Opioid crisis: US Supreme Court rejects compensation deal that exonerated Purdue lab owner family

The US Supreme Court on Thursday rejected the validity of a compensation agreement of some $6 billion in the opioid crisis on the grounds that it exempted the Sackler family, owner of the Purdue laboratory, from any future lawsuits from victims.

The Court ruled by a majority of five votes to four. The Department of Justice criticized this agreement, concluded in 2022 with the 50 American states, local communities and individual victims and validated by a federal appeals court, for protecting the Sackler family from any future prosecution, including victims who did not consent to it.

“The Bankruptcy Code does not authorize […] an immunization from prosecution without the consent of affected plaintiffs,” wrote Neil Gorsuch on behalf of the majority, joined by three other conservative judges and one progressive.

The Sacklers are accused of having aggressively promoted their pain medication OxyContin for years while being aware of its highly addictive nature.
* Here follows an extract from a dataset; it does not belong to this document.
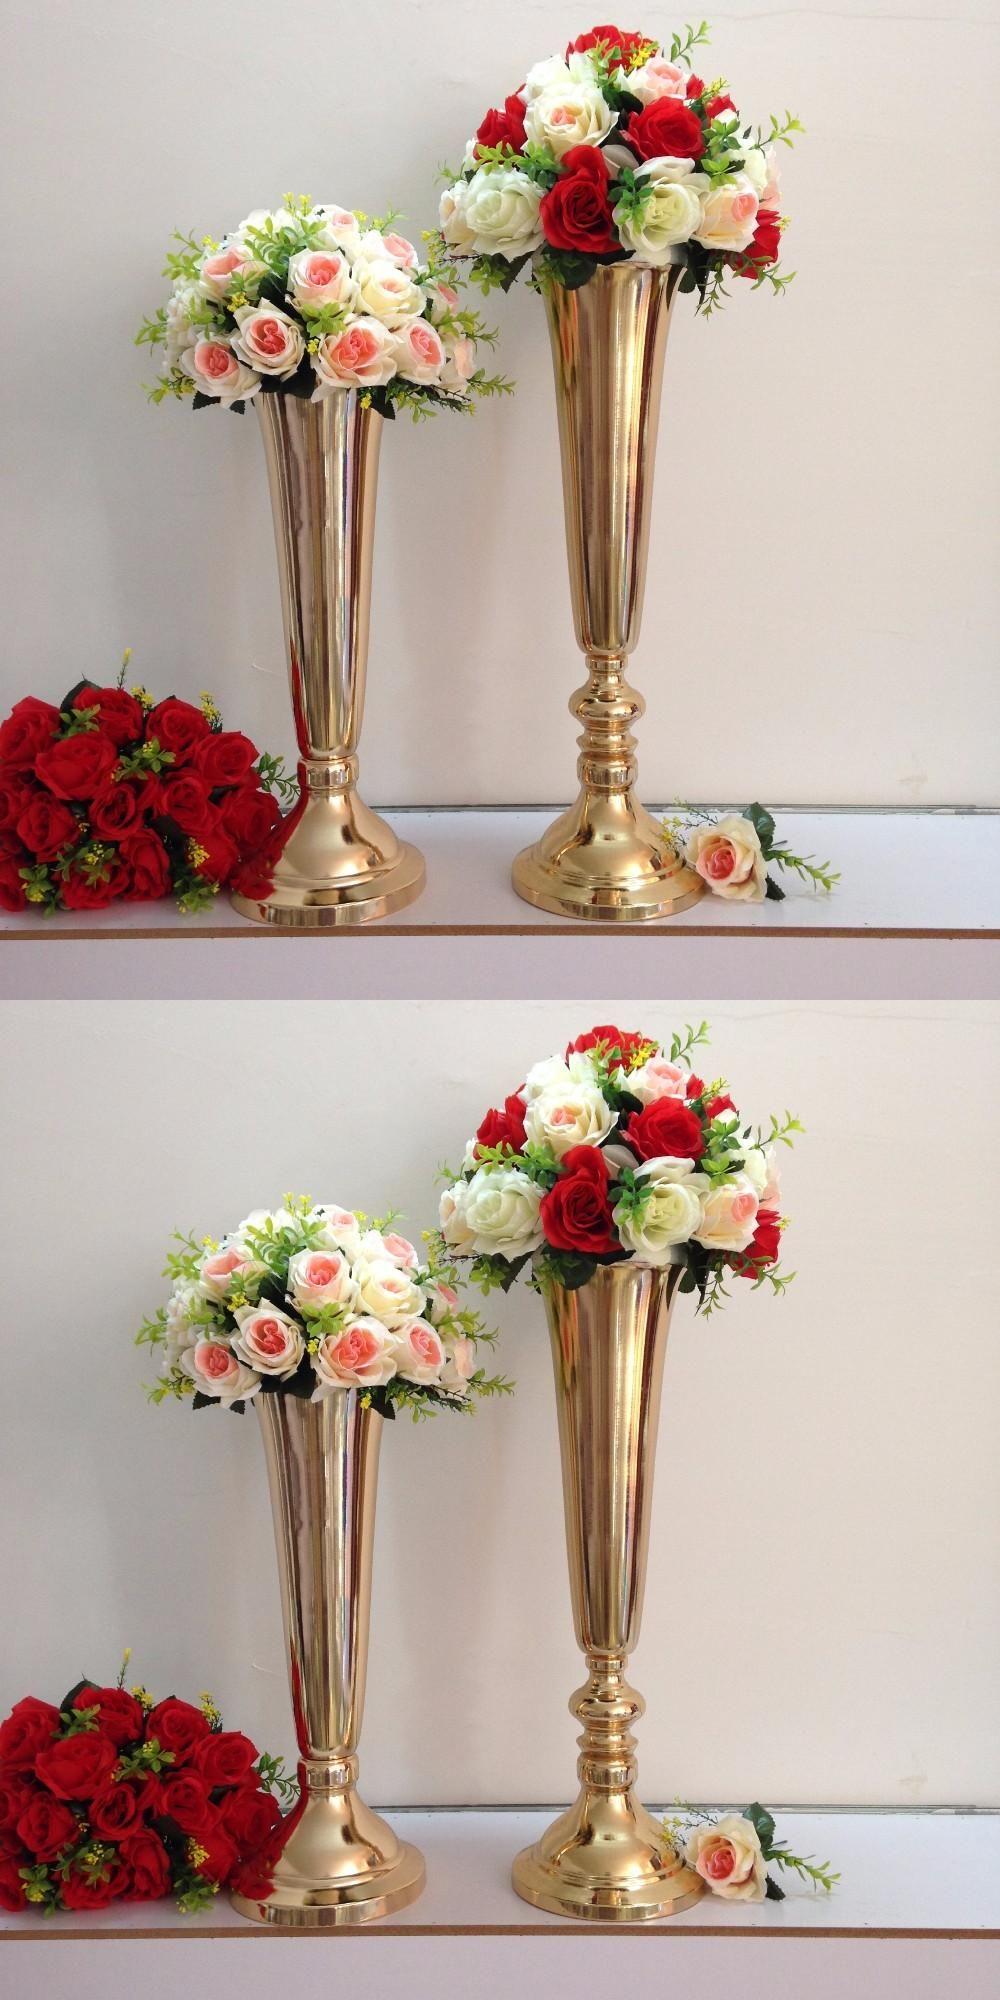 2017 wedding centerpiece table decoration flower vase display 2017 wedding centerpiece table decoration flower vase display wedding party favors home furnishing flower stand 60cm reviewsmspy

The sale of this product brought them tens of billions of dollars.

The overprescription of this opiate is generally considered to be the trigger of the crisis which has claimed more than half a million victims in 20 years in the United States.

Billions “siphoned”

Targeted by an avalanche of lawsuits, the Purdue pharmaceutical laboratory declared bankruptcy in 2019 and has since negotiated a plan, the latest version of which provides for its closure by 2024 in the United States for the benefit of a new entity and the payment of ‘at least $5.5 billion over 18 years.
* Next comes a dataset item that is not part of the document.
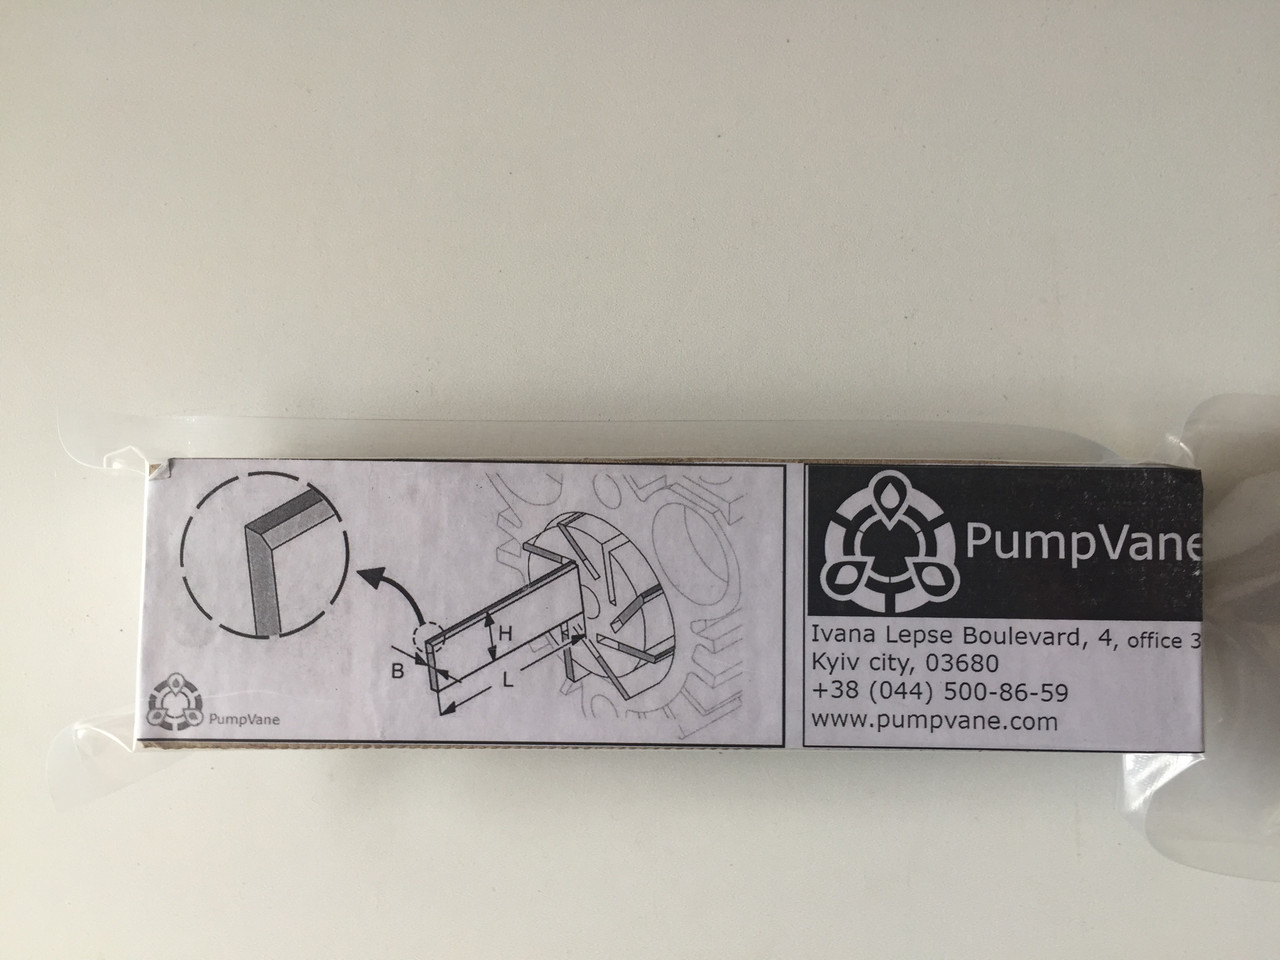 98 х 36.5 х 4 мм Лопатка графитовая для вакуумного насоса Busch SD 1025 B 722521014

The Supreme Court had suspended this agreement in August at the request of the government.

During the debates in November, the nine judges showed themselves to be unusually torn, balancing between the risk of compromising the victims’ compensation, and that of recognizing a court, in a bankruptcy case, the right to immunize the Sacklers against future prosecutions.

If the Justice Department’s bankruptcy trustee, who is challenging the deal, “wins his case, the billions of dollars earmarked for opioid prevention and compensation will evaporate and creditors and victims will be left with nothing.” , argued the laboratory’s lawyer, Gregory Garre.

His colleague representing the victims who signed the agreement, Pratik Shah, also considered it “irresponsible for the bankruptcy trustee to suggest that there is some kind of secret alternative to obtain compensation”, saying that “without the exemption, the plan will unravel”.

“We are saying that there are other opioid victims who have also suffered tragic harm who say they do not consent to having their rights forcibly extinguished,” replied government lawyer Curtis Gannon.

The Justice Department said the Sacklers “siphoned” some $11 billion from the company in the years before it filed for bankruptcy in 2019.